3 - Histoire du temps perdu en route

Un beau jour, le troisième type le plus content de lui du monde était bien content de lui.

"Tiens, je vais aller à la boulangerie", s'entretint-il : "j'aime manger du pain et faire plaisir à mon corps, car j'aime aussi mon corps qui est presque aussi sympa que moi. En phase avec lui, mon corps, comme avec le reste de la communauté, le reste des corps, le reste des mois d'autrui, je vais, bien, et nous allons et venons, tous bien dans l'ensemble, tous un tant soit peu en phase, enfin - et je trouve ça bien, dans le fond. Oui. J'en suis bien content.

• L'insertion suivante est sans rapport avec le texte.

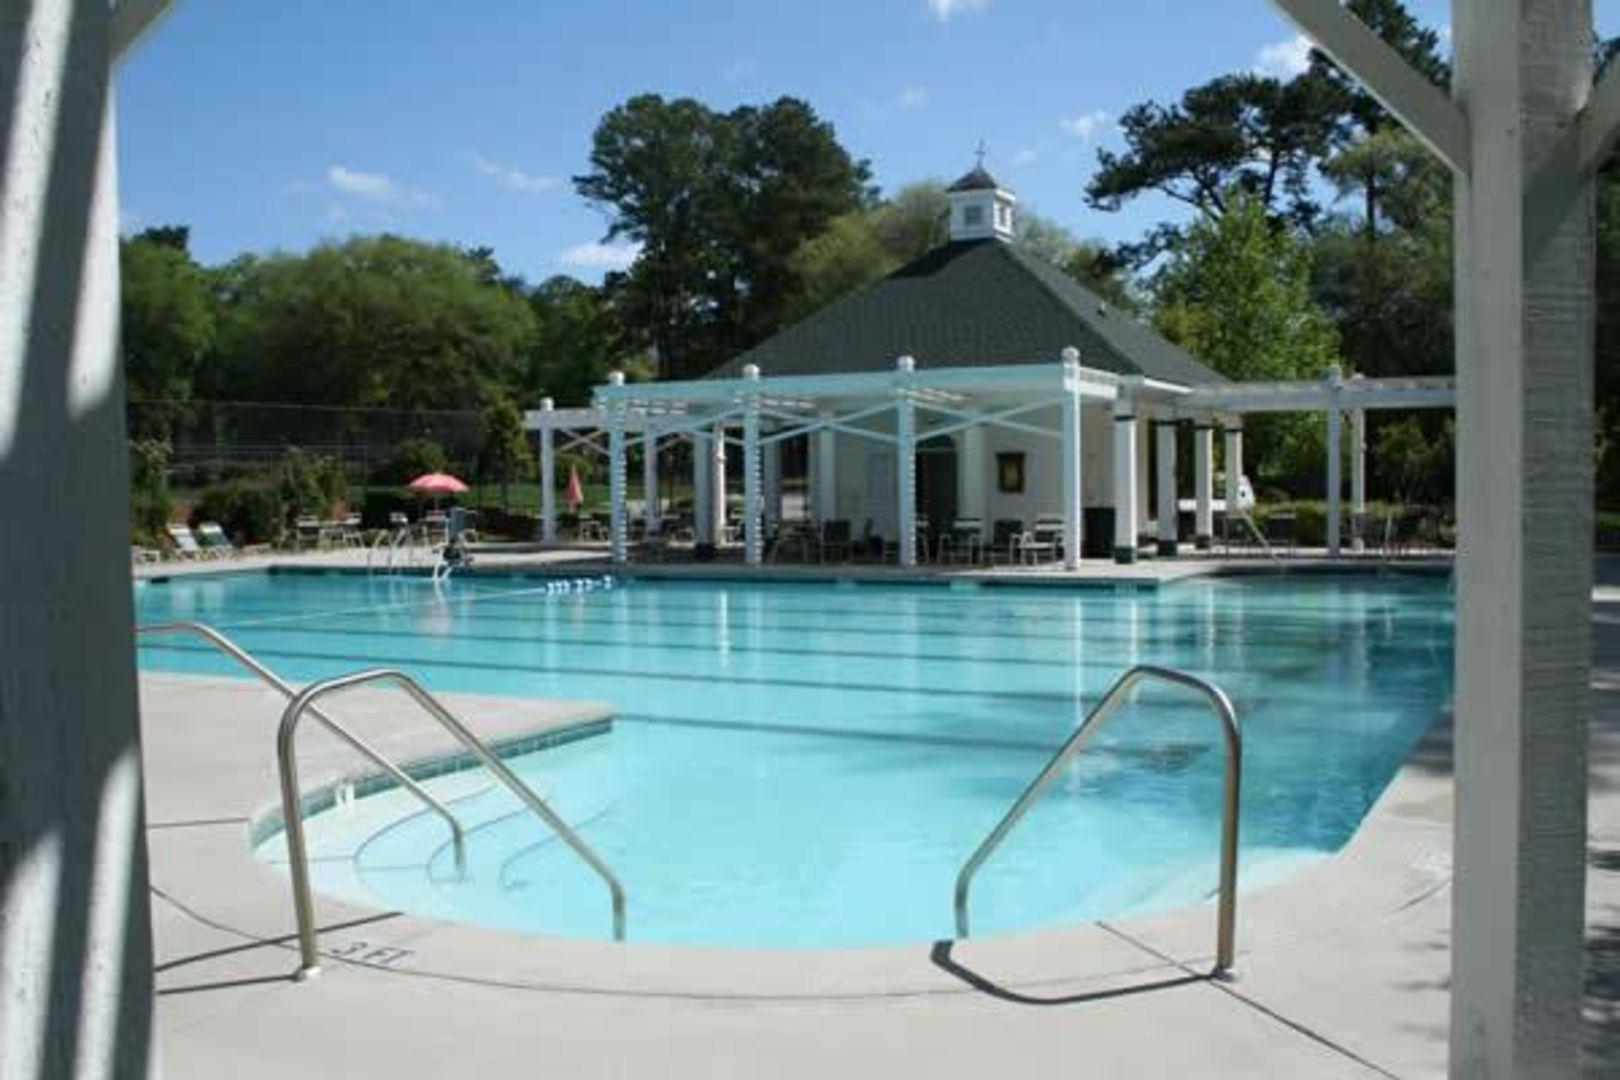 Drayton Oaks Homes For Sale - 9 Windward, Summerville, SC - 0

Surtout pour moi qui suis en phase avec tout ça, cela dit sans narcissisme - encore que j'y aurais droit, dans la mesure où je parle tout seul."

De l'endroit où il se trouvait, qui était grosso modo son propre domicile, il se dirigea vers plein d'extérieurs à la fois, à l'aide d'une porte un peu mitoyenne et qui était la sienne, en quelque sorte.

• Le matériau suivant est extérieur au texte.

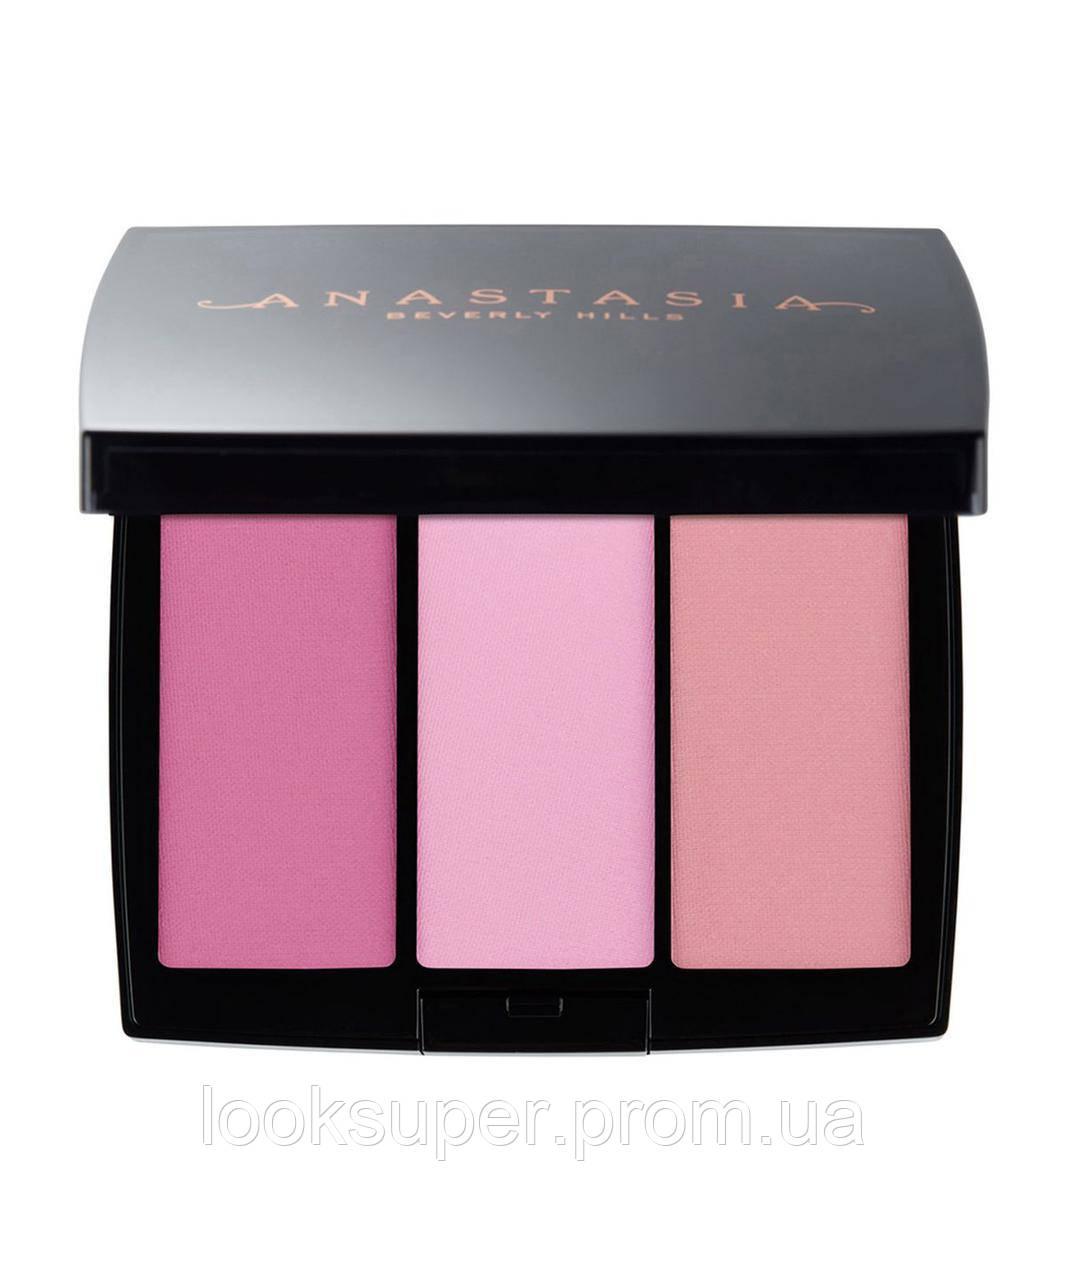 Набор румян Anastasia Beverly Hills (Pink Passion)

Il y avait du monde, un monde fou, qui faisait la queue et plus encore : "Pardon mais j'étais devant, je n'en ferais rien, vous êtes enceinte, je crois que c'est à vous."

Il prit le parti d'attendre patiemment son tour.

"Je serais bien content que ce soit mon tour à moi, mais voyez-vous je suis pressé, écoutez je suis enceinte, comment ça vous n'avez plus de pain, vous pourriez m'indiquer la rue machin", continuait la queue d'un monde fou.

On l'appelait joliment la clientèle, elle était là surtout les samedis quand il y avait du monde. Elle eut ses eaux dans la boutique, un conflit d'égos entre le premier et le deuxième types les plus contents d'eux du monde, cette idée-là en tout cas, entre autres, des problèmes de synchronisation et de sous-titrages, un manque de cadre, de folles aspirations, une trame un peu lâche, une indifférence profonde et la Sainte-Thérèse d'Avilla, elle eut, la foule, le coup du rebond noir et la politique de l'autruche, l'opiacé, sa cote en bourse et le nénuphar géant, et tout ce qui se passait dans le monde la traversait, sans qu'elle sache jamais ; parce qu'elle était, la queue, tout ce qui se passait dans le monde et le monde même où tout se passait.

Comme son tour ne venait pas, le troisième type le plus content de lui du monde décida de rentrer chez lui.

"Je ne comprends rien à tout ça", se dit-il, suivi d'un tas d'autres choses. Puis d'un autre tas d'autres choses, et des ainsis de suite, en veux-tu en voilà. Une certaine facette du temps s'écoula, discrète, opiniâtre. Jusqu'à ce que le type en vint à conclure : "Mais je suis bien content quand même."

Le temps reprit alors une autre forme de course dans un autre circuit - ce dont il n'était lui-même pas trop mécontent parce qu'il avait l'impression de s'être un peu perdu en route dans celle-ci.